Let's pack everything to build the model, this module contains the Token and Positional Embedding (We are using learned positional embedding, not sin-cosine positional encoding), Multiple MoE blocks, and finally attached with a language modelling classification head.
class MoE(nn.Module):
    def __init__(self, cfg: MoEConfig):
        super().__init__()
        self.cfg = cfg

        self.tok_emb = nn.Embedding(cfg.vocab_size, cfg.d_model)
        self.pos_emb = nn.Embedding(cfg.max_seq_len, cfg.d_model)
        self.blocks = nn.ModuleList(
            [
                Block(
                    d_model=cfg.d_model,
                    num_heads=cfg.num_heads,
                    hidden_dim=cfg.ffn_dim,
                    num_experts=cfg.num_experts,
                    top_k=cfg.top_k,
                )
                for _ in range(cfg.num_layers)
            ]
        )
        self.rmsnorm_f = RMSNorm(cfg.d_model)
        self.lm_head = DenseNoBias(cfg.d_model, cfg.vocab_size)

    def forward(self, input_ids: torch.Tensor) -> torch.Tensor:
        b, t = input_ids.shape
        device = input_ids.device

        if t > self.cfg.max_seq_len:
            raise ValueError("input length exceeds max_seq_len")
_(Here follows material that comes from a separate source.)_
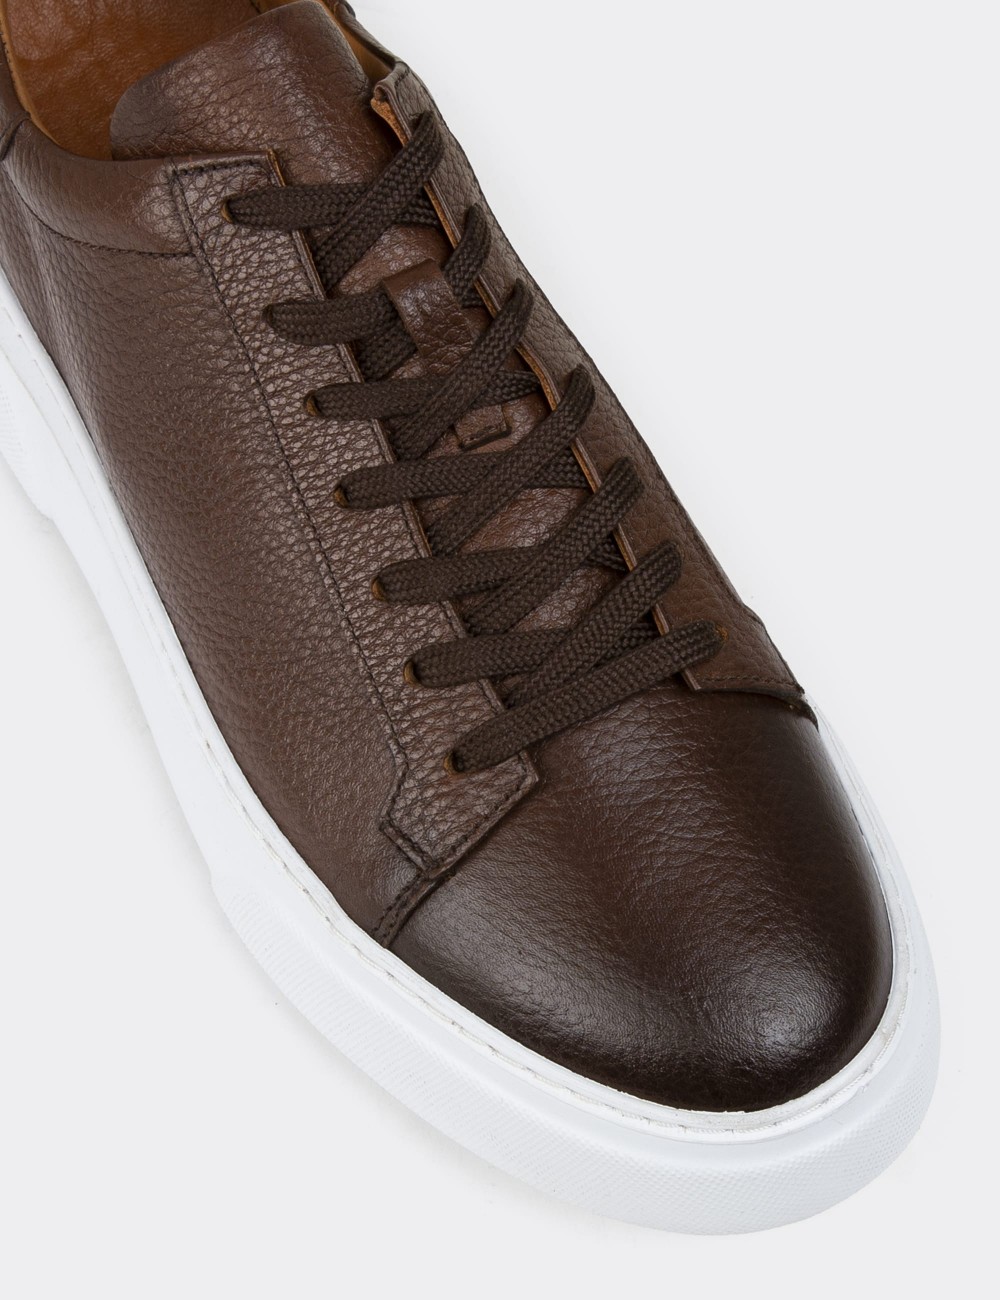 Tan Leather Sneakers - M2501MTBAP01
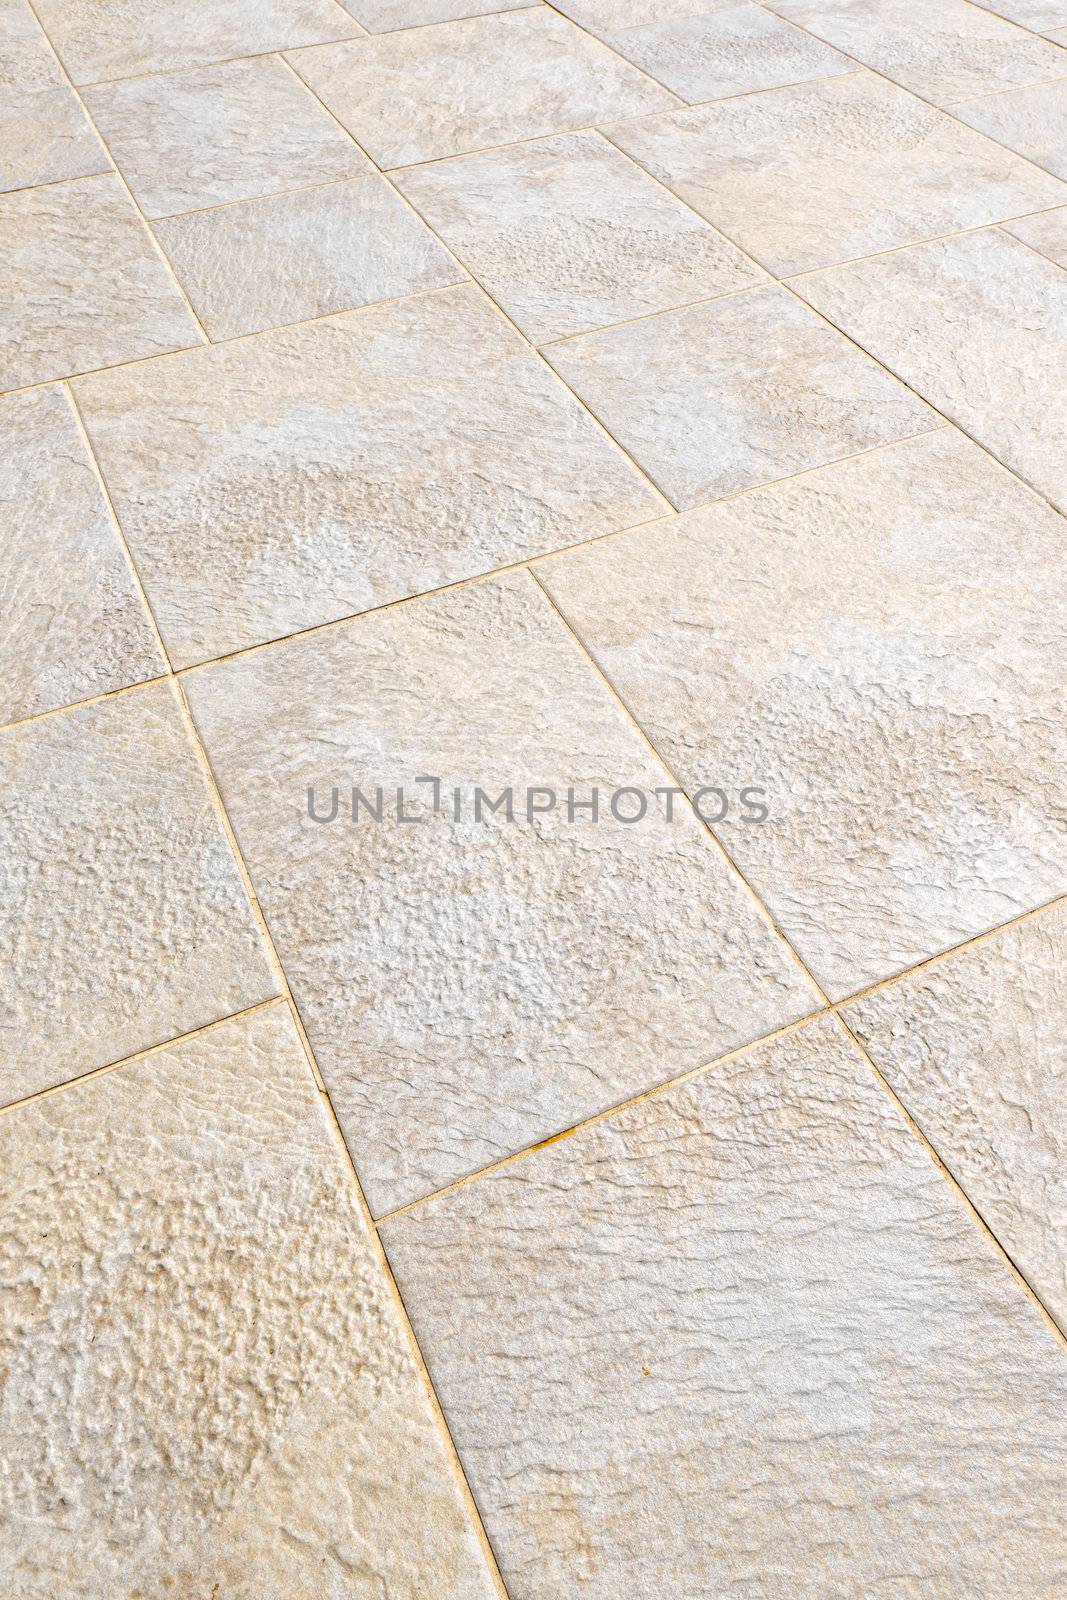 Ceramic tile flooring close up as background

        tok = self.tok_emb(input_ids)
        pos_idx = torch.arange(t, device=device).unsqueeze(0)
        pos = self.pos_emb(pos_idx)
        x = tok + pos

        attn_mask = causal_mask(t, device=device)
        for blk in self.blocks:
            x = blk(x, attn_mask=attn_mask)
        x = self.rmsnorm_f(x)
        logits = self.lm_head(x)
        return logits
All these are the stuff that we encounter when building standard transformer architecture, except the MoE block.

7.8 Loading Checkpoint

It comes to you as a little surprise that this model is already trained; the checkpoint for this model is available here: QMoE-400-checkpoints. You can download the torch checkpoints from the HuggingFace repo, place them in the working directory, and load them using the code below.
def load_model_from_checkpoint(
    checkpoint_path: str,
    *,
    device: str | torch.device = "cpu",
    dtype: torch.dtype = torch.float32,
) -> MoE:
    ckpt = torch.load(checkpoint_path, map_location="cpu")
    cfg_dict: Dict[str, Any] = ckpt.get("config", {})
    cfg = MoEConfig(**cfg_dict)
    model = MoE(cfg).to(torch.device(device))
    model.load_state_dict(ckpt["state_dict"], strict=True)
    model.to(dtype=dtype)
    model.eval()
    return model

If you have a GPU, you can set the device to "cuda".

You can check this GitHub repo on how to generate text with this model Q-MoE-400

Huggingface Repo Link: QMoE-400

8. Conclusion

In this article, we explored the core ideas behind MoE, including routing, Top-K selection, and load balancing. We then built a working sparse MoE Transformer from scratch in PyTorch and saw how all the pieces fit together. This approach makes it possible to train very large models without proportional compute costs. With this foundation, you are now ready to experiment, modify the architecture, and build your own scalable expert-based models.